The problem Gilbert had to overcome? Uncertainty.

Love has as few as one year remaining on his contract. To trade away a potential future superstar such as Andrew Wiggins in exchange for a man, perennial All-Star though he may be, who could walk away in just one year represents a substantial risk.

Did Love affirm his desire to remain with the Cavs over the long term in that meeting? Maybe. But you’re not going to hear about it. That’s because Love its still under contract. It’s technically against the rules (and among the most serious violations a team can commit) to strike a future deal. But something made both parties comfortable that this was a long-term arrangement. In the news conference to announce his arrival, Cavs general manager David Griffin welcomed Love by saying this was a “long-term relationship.” Moments later, Love himself said he was “committed to this team, committed long term.”

So when will Love lock in the long-term deal that solidifies his commitment? Love’s age, tenure and skill-set have created a perfect storm of interesting – a fascinating story that figures to be unlike any other in the NBA in the years ahead.

Stating the obvious: The higher the starting salary in a long-term contract, the higher the salary can be in all subsequent years of the contract as well. That’s because annual raises in any contract are limited to 7.5% of the starting salary. The maximum length of a contract is five years. In what summer, then, will Love strike the optimal balance for himself between locking in the highest starting salary and locking in a full five-year deal, while taking into account risks associated with such things as his health and inevitable basketball mortality?(1)

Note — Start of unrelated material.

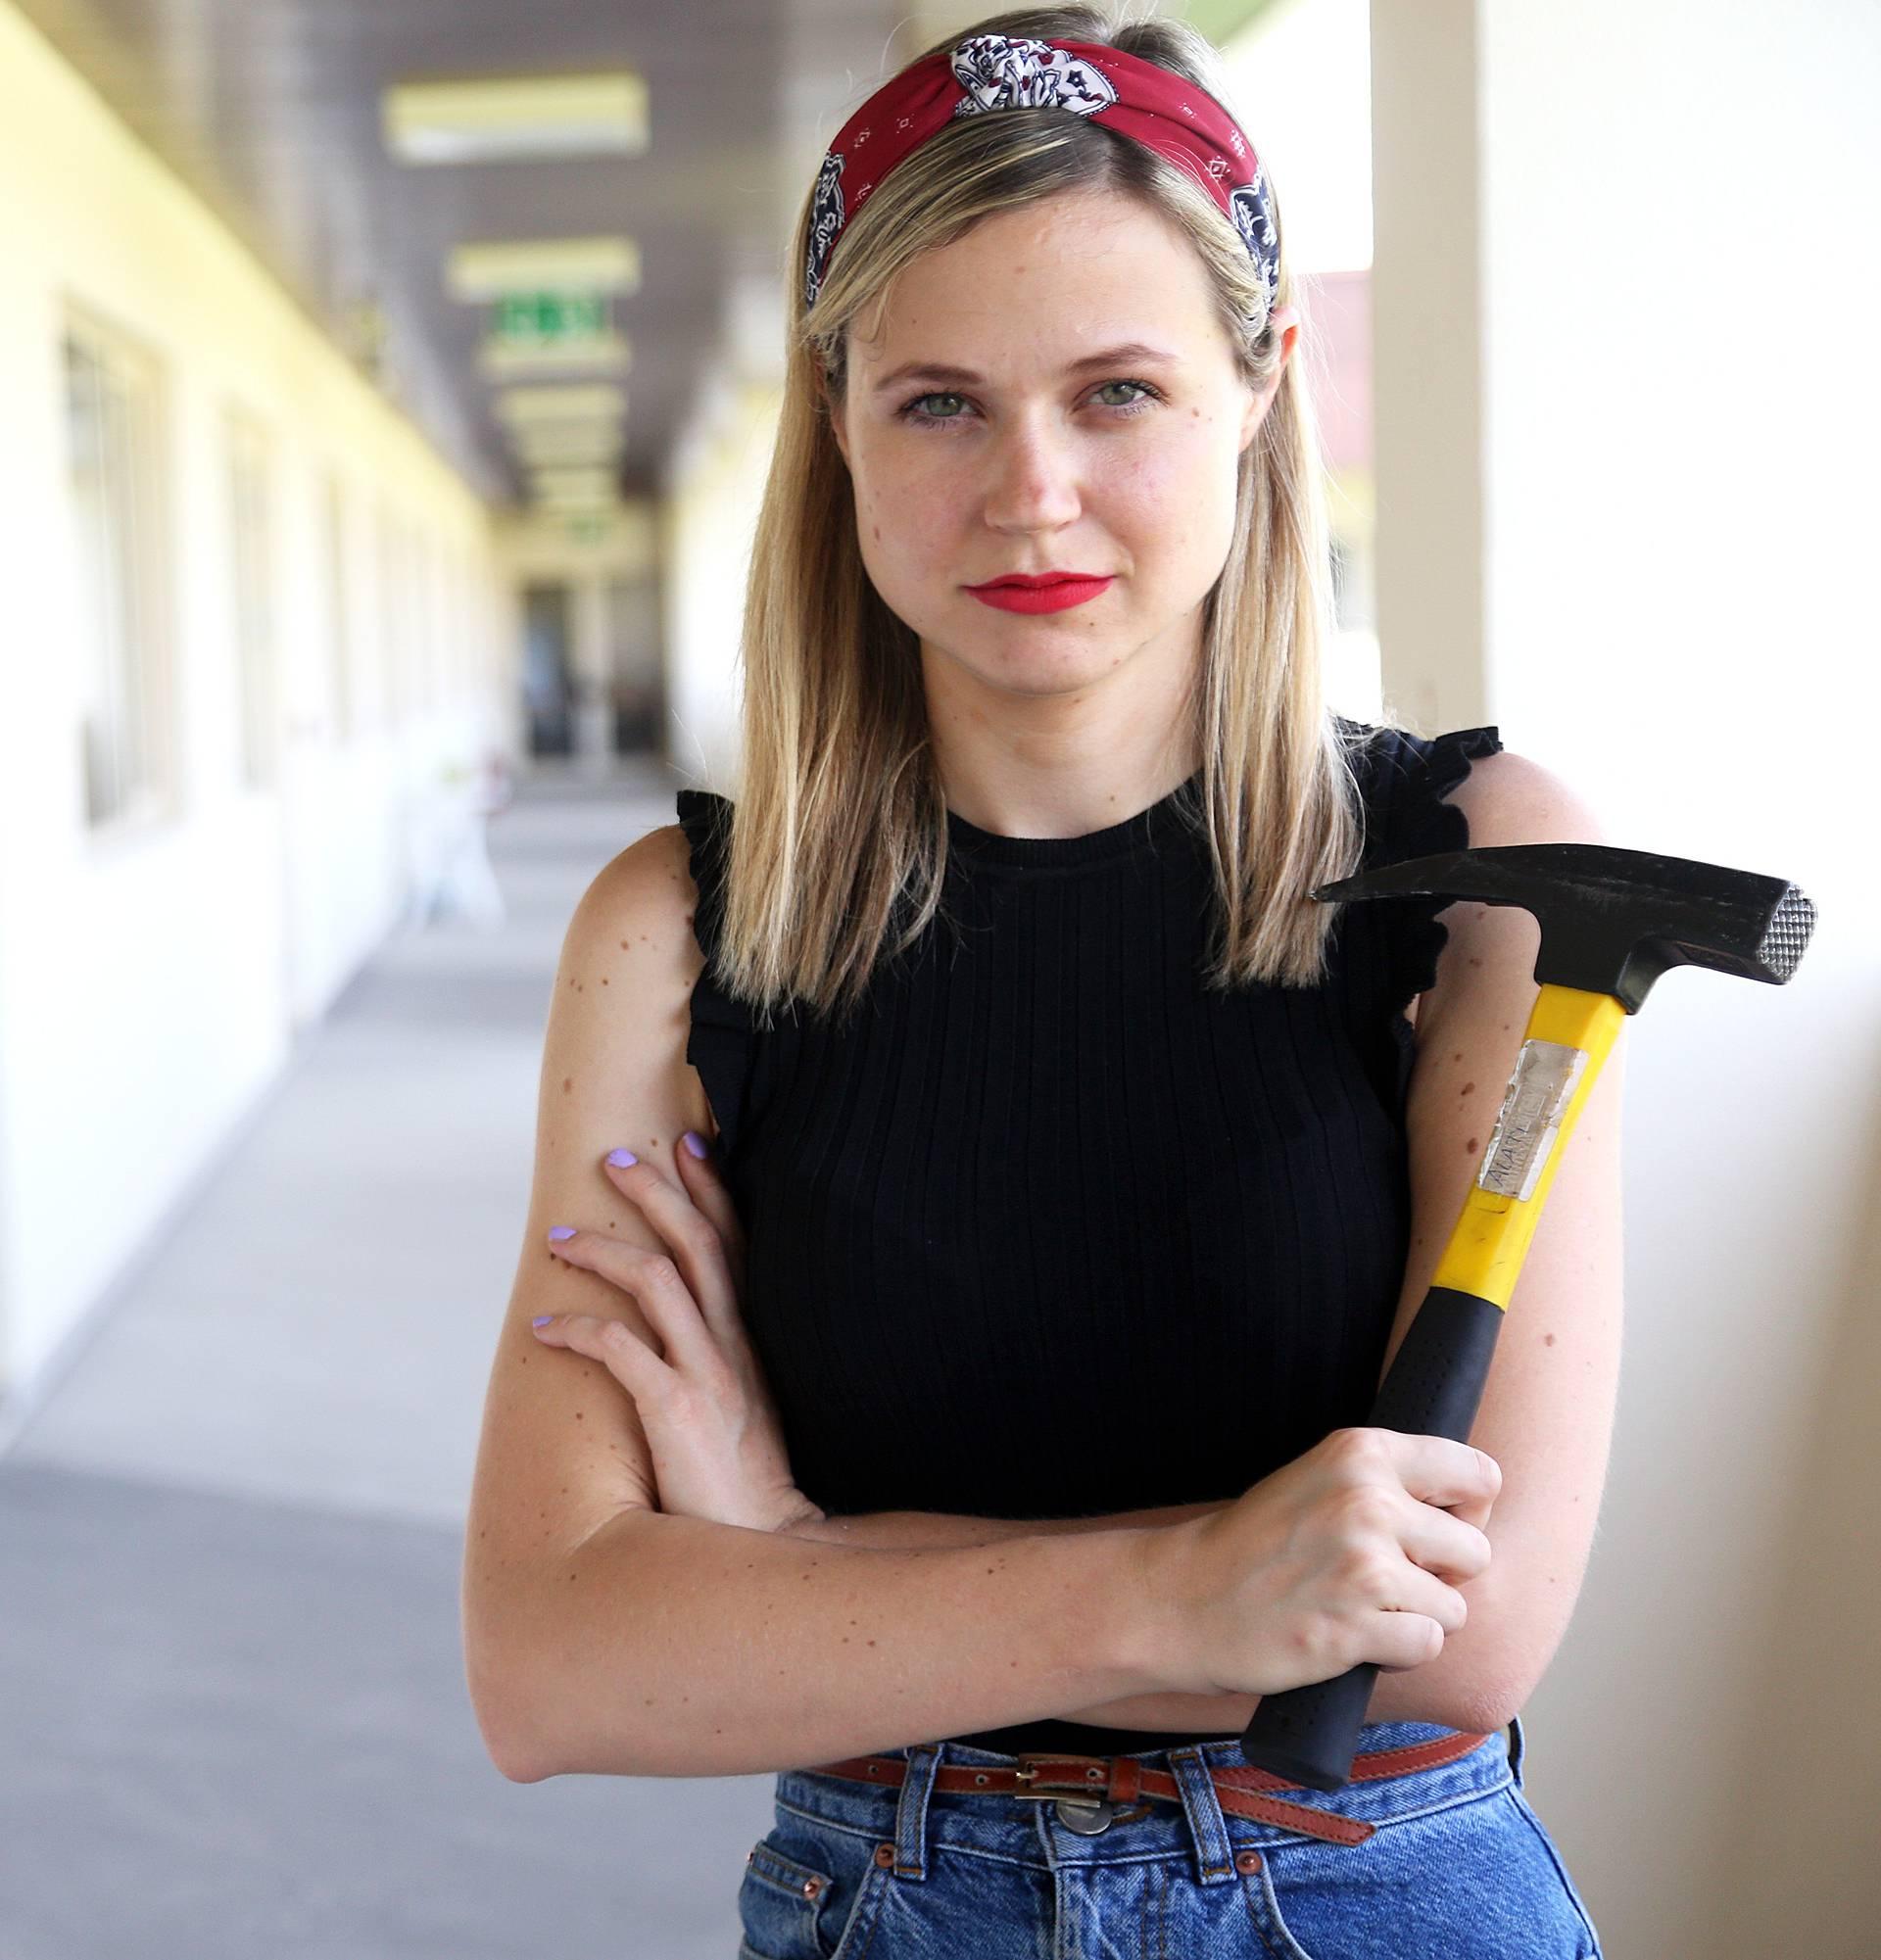 Žene, ne trebate majstora: 10 jednostavnih kućnih popravaka

It won’t be this summer. That much we know. Why? Because he can’t. NBA rules prevent it.

In January 2012, Love signed a four-year, $60.8 million maximum contract extension(2) with the Wolves in which the last season, the 2016-17 season, was to be a player option. Love will make $15.7 million this season and his option for next season is for $16.7 million.

If Love wanted to sign with the Cavs today, it would therefore need to be an extension of his current contract. Contracts cannot be extended until the three year anniversary of their initial signing. That’s next January.

So if not this summer, which?(3)  Read more…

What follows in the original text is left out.